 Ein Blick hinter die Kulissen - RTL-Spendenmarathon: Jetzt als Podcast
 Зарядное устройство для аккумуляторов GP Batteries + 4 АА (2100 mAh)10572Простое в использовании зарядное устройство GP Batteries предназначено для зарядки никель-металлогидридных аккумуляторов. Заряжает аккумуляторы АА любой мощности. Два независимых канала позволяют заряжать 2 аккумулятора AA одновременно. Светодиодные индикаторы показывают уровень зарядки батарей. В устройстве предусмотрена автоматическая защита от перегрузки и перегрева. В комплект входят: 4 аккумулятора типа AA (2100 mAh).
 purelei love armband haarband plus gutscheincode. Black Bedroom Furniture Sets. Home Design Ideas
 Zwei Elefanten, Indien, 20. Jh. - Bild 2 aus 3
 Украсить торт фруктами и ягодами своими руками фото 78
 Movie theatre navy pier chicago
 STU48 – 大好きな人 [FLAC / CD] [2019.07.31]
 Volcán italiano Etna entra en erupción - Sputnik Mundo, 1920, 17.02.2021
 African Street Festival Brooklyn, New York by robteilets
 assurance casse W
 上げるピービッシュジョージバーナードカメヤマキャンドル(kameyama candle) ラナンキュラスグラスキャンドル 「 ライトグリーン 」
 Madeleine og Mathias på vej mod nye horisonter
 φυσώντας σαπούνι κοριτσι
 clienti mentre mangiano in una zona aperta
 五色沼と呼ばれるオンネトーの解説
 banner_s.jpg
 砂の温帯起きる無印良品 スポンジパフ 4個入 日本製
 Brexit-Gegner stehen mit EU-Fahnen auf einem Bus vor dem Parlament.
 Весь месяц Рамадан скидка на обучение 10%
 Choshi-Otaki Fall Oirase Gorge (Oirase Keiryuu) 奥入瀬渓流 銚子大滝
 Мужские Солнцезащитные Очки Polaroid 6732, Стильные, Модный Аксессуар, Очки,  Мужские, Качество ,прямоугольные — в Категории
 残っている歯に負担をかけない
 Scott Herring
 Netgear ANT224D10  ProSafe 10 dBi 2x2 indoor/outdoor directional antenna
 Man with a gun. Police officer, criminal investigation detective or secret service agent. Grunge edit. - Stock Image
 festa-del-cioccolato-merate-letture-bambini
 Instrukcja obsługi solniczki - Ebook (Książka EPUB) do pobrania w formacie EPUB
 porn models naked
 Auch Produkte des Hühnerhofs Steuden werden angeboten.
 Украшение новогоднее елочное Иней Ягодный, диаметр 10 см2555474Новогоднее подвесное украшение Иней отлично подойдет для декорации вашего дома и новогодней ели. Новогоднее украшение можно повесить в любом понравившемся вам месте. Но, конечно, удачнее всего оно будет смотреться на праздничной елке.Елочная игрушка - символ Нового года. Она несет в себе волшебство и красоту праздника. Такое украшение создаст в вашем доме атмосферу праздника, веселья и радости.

▶ _WORK TASK_: For this exercise, please retype exactly the lines in the listing from the line with "Весь месяц Рамадан скидка на обучение 10%" through its last line, both ends included.

▶ _EXERCISE RESPONSE_:
 Весь месяц Рамадан скидка на обучение 10%
 Choshi-Otaki Fall Oirase Gorge (Oirase Keiryuu) 奥入瀬渓流 銚子大滝
 Мужские Солнцезащитные Очки Polaroid 6732, Стильные, Модный Аксессуар, Очки,  Мужские, Качество ,прямоугольные — в Категории
 残っている歯に負担をかけない
 Scott Herring
 Netgear ANT224D10  ProSafe 10 dBi 2x2 indoor/outdoor directional antenna
 Man with a gun. Police officer, criminal investigation detective or secret service agent. Grunge edit. - Stock Image
 festa-del-cioccolato-merate-letture-bambini
 Instrukcja obsługi solniczki - Ebook (Książka EPUB) do pobrania w formacie EPUB
 porn models naked
 Auch Produkte des Hühnerhofs Steuden werden angeboten.
 Украшение новогоднее елочное Иней Ягодный, диаметр 10 см2555474Новогоднее подвесное украшение Иней отлично подойдет для декорации вашего дома и новогодней ели. Новогоднее украшение можно повесить в любом понравившемся вам месте. Но, конечно, удачнее всего оно будет смотреться на праздничной елке.Елочная игрушка - символ Нового года. Она несет в себе волшебство и красоту праздника. Такое украшение создаст в вашем доме атмосферу праздника, веселья и радости.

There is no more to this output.